* [Source material]
###
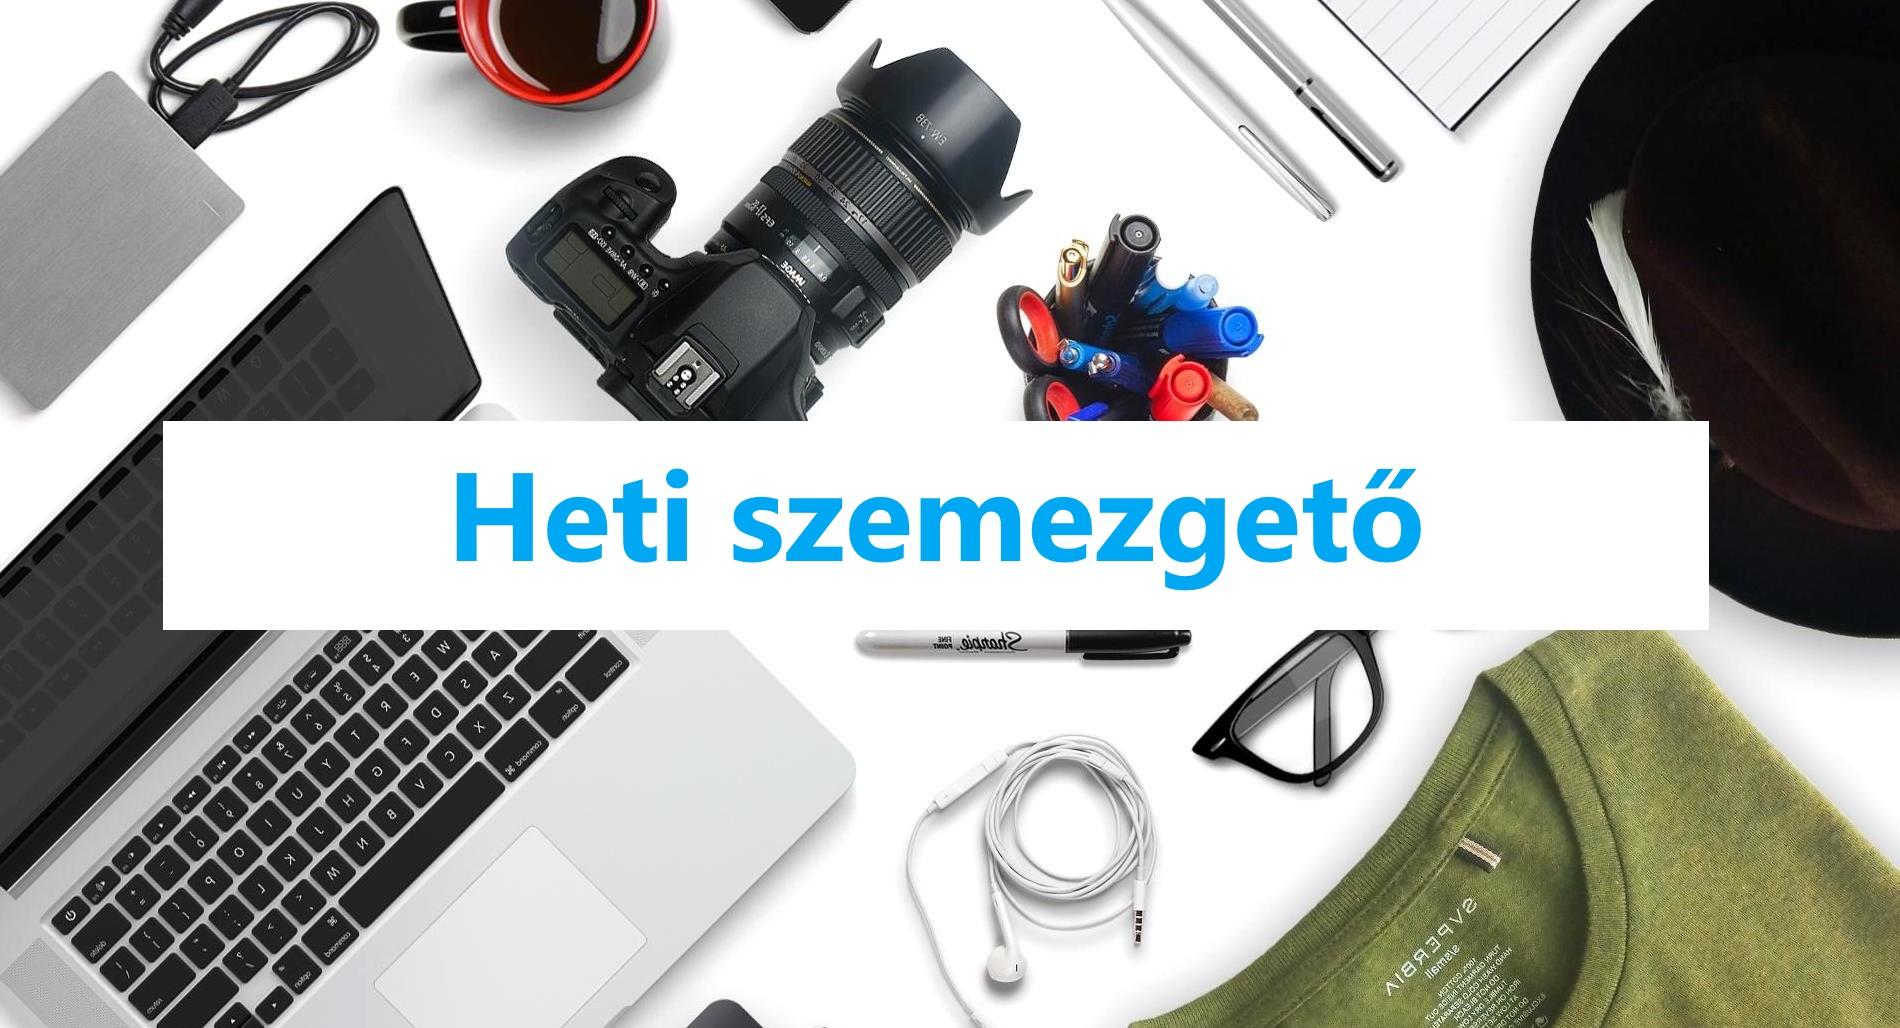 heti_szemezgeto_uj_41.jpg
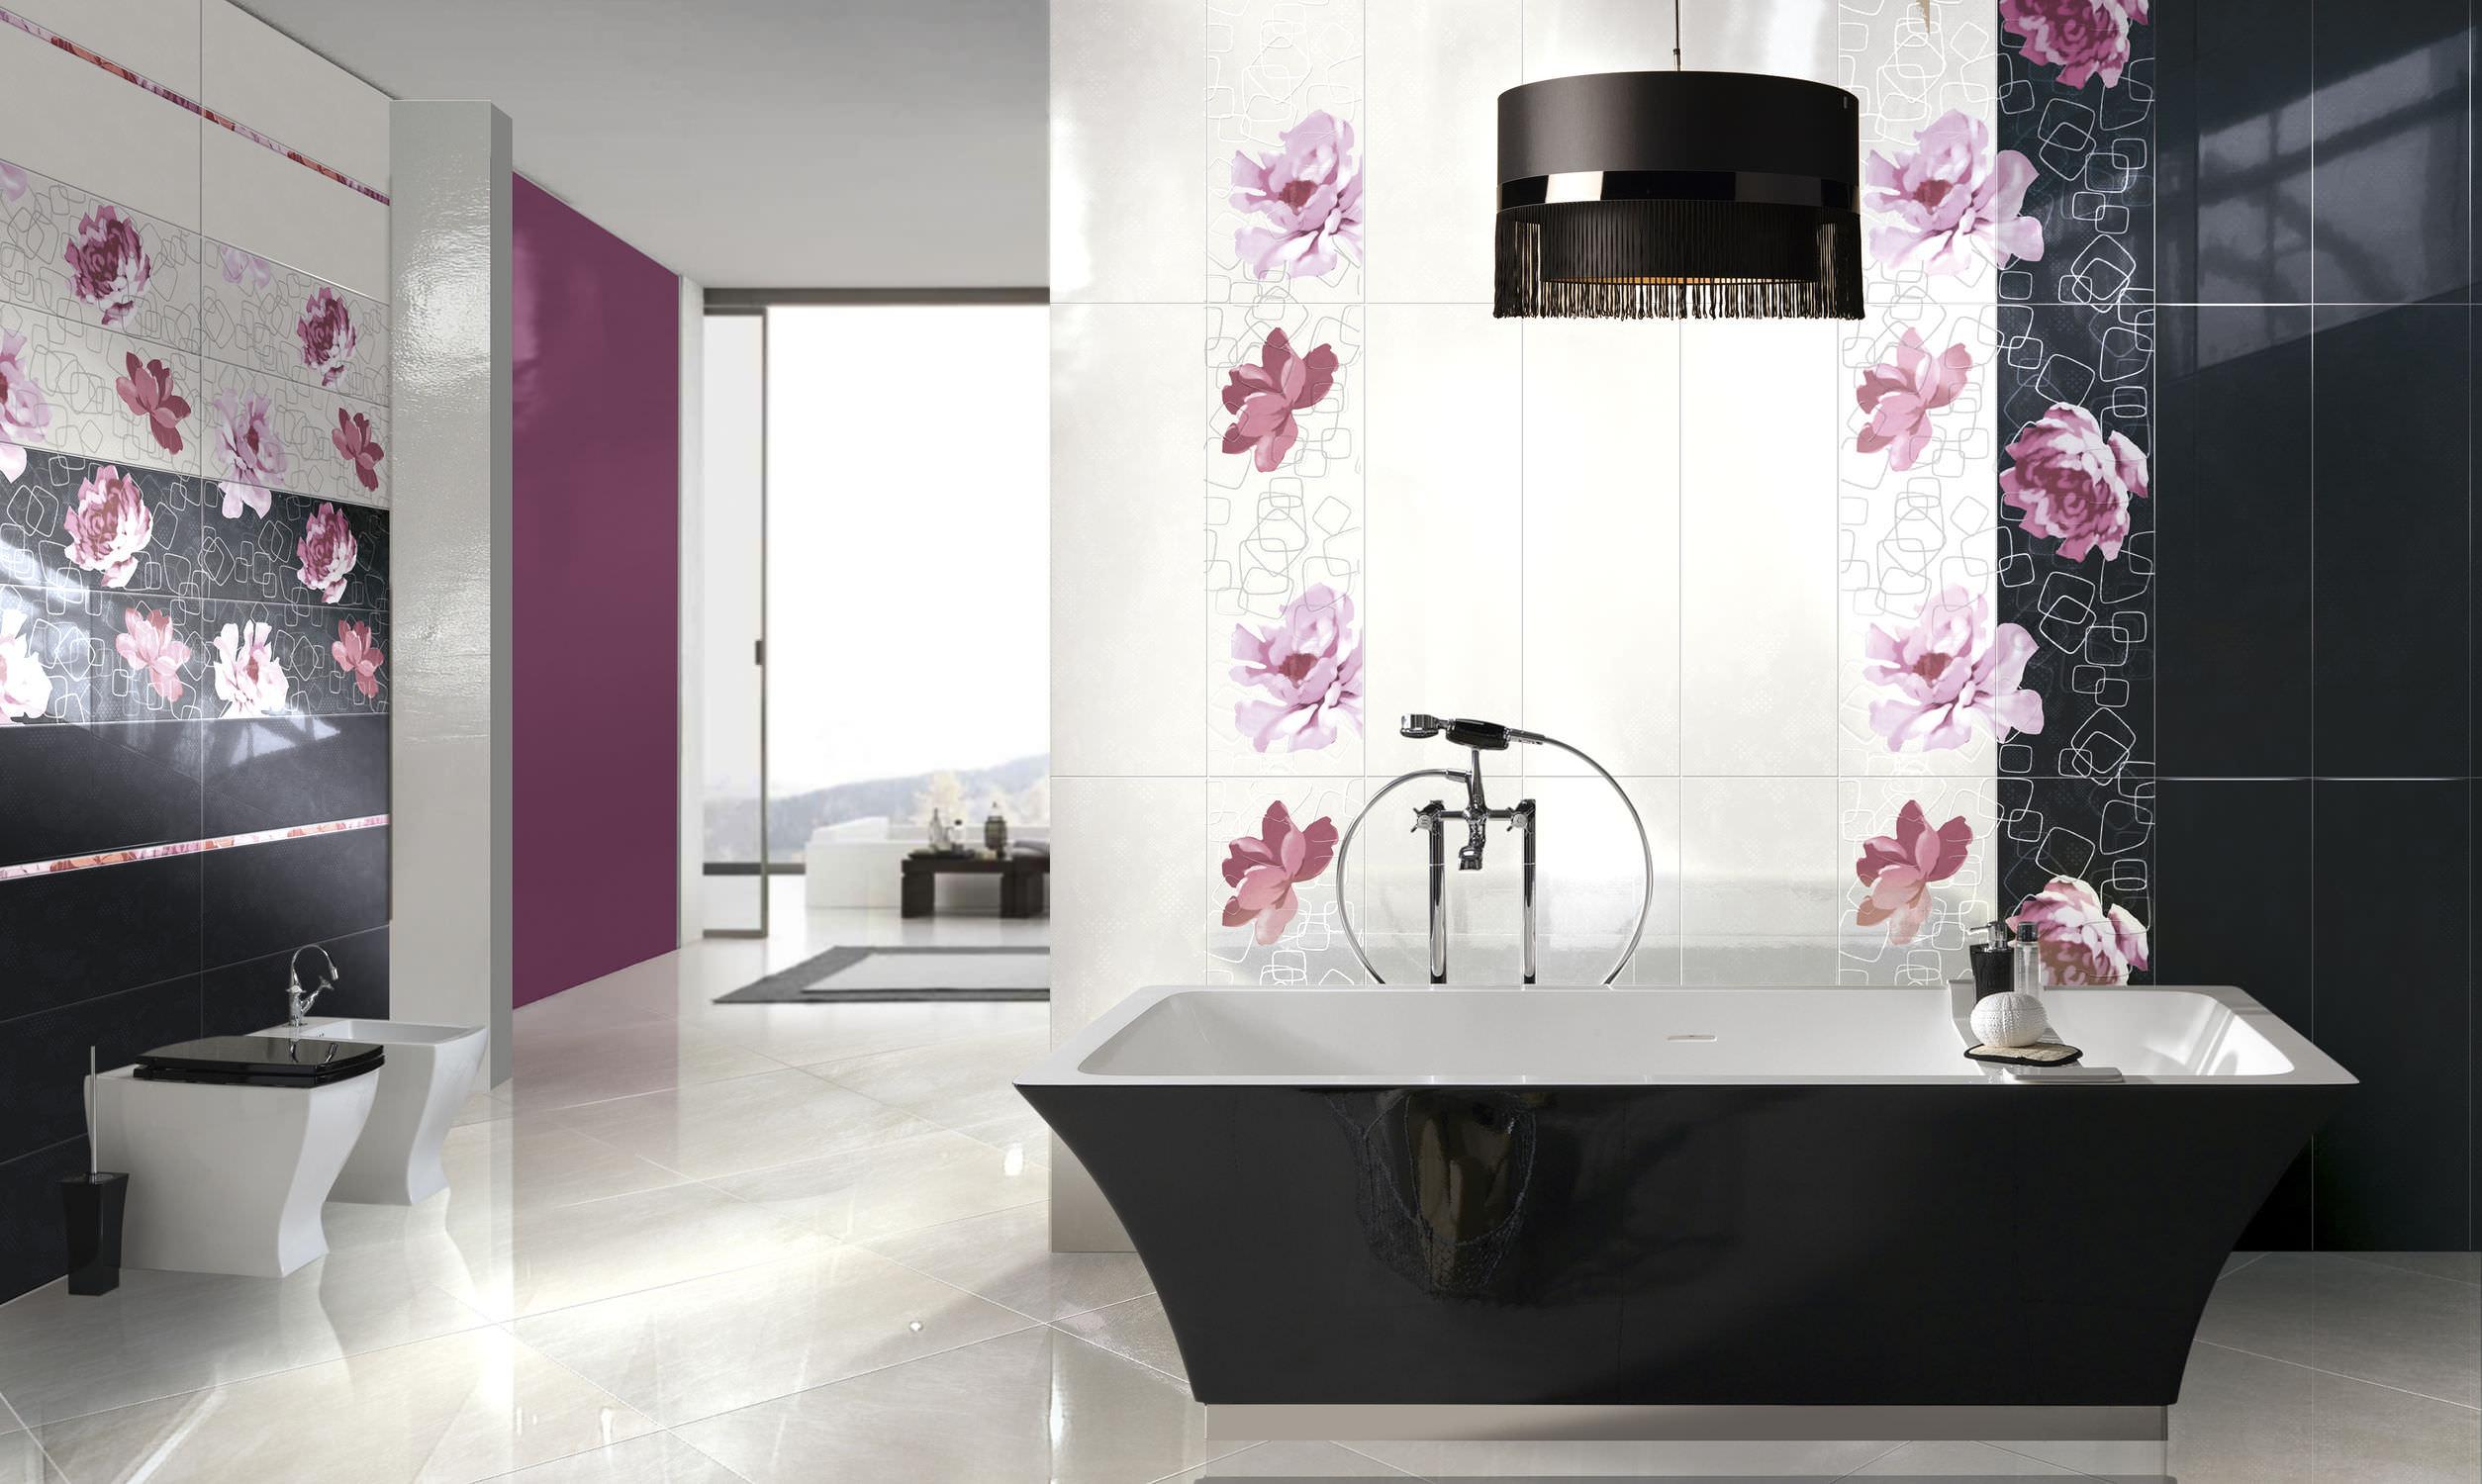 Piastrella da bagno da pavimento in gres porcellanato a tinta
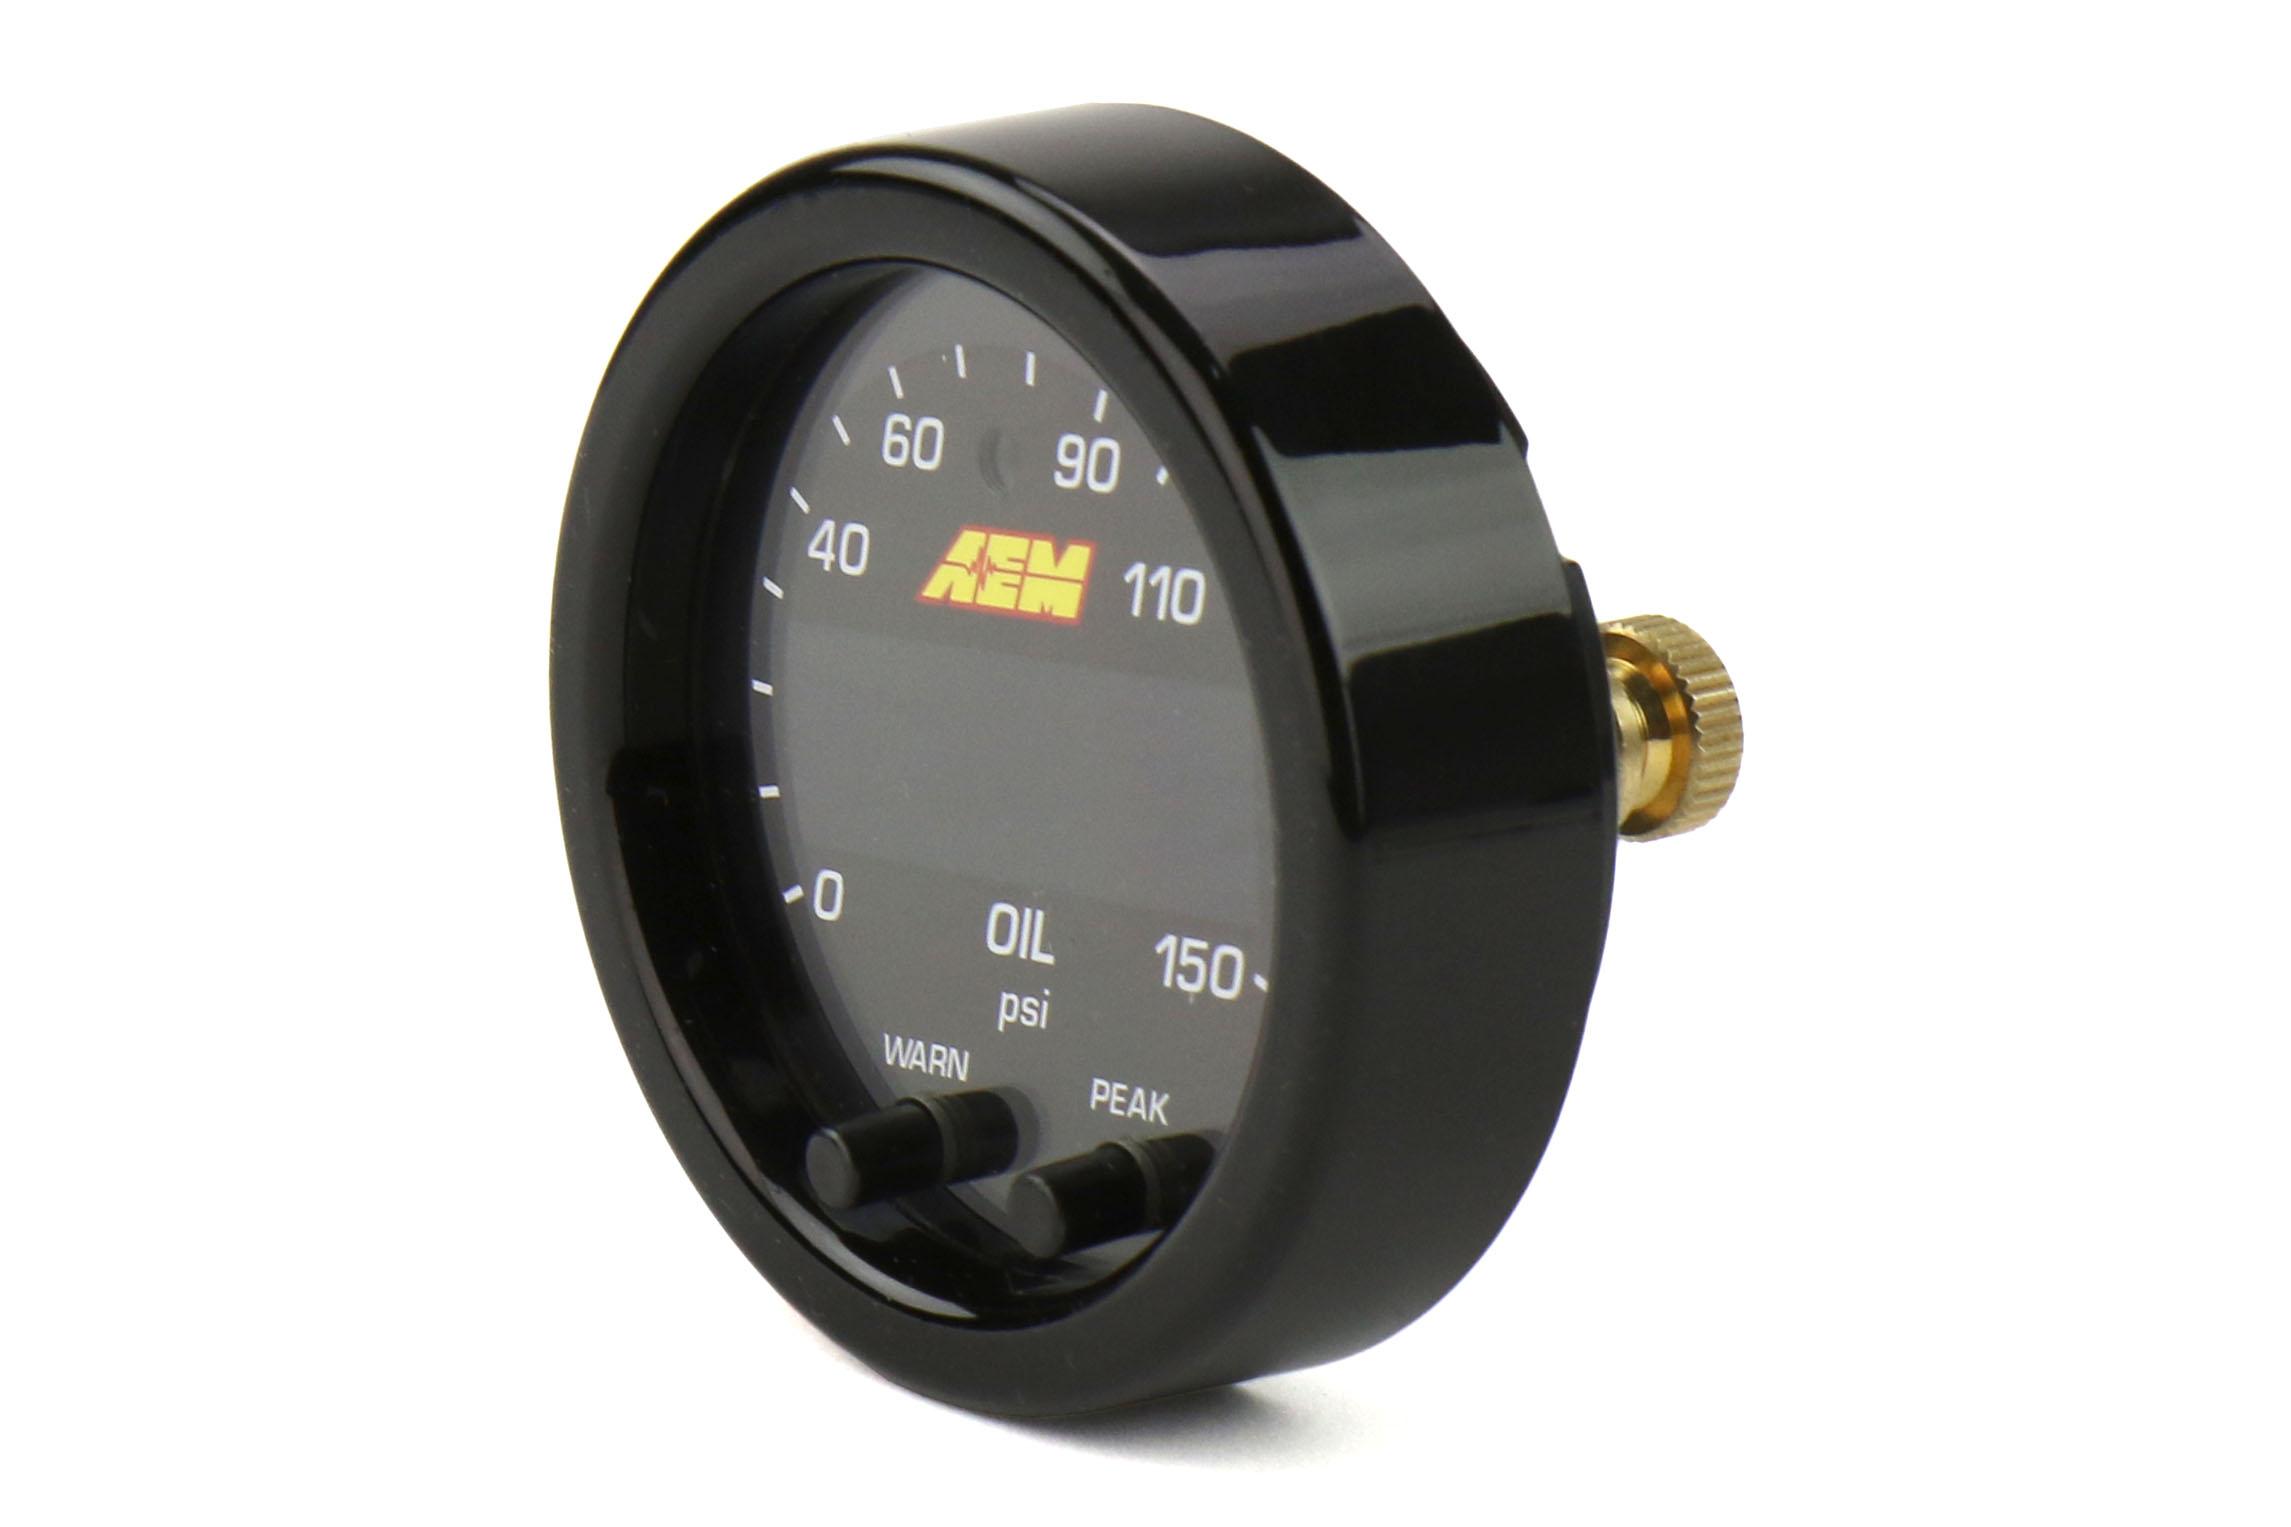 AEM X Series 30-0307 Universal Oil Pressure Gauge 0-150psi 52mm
###
Extract only the lines from the line containing "Piastrella da bagno" through the final line of the listing above, unchanged; pictures stay out of the copy.

 Piastrella da bagno da pavimento in gres porcellanato a tinta
 AEM X Series 30-0307 Universal Oil Pressure Gauge 0-150psi 52mm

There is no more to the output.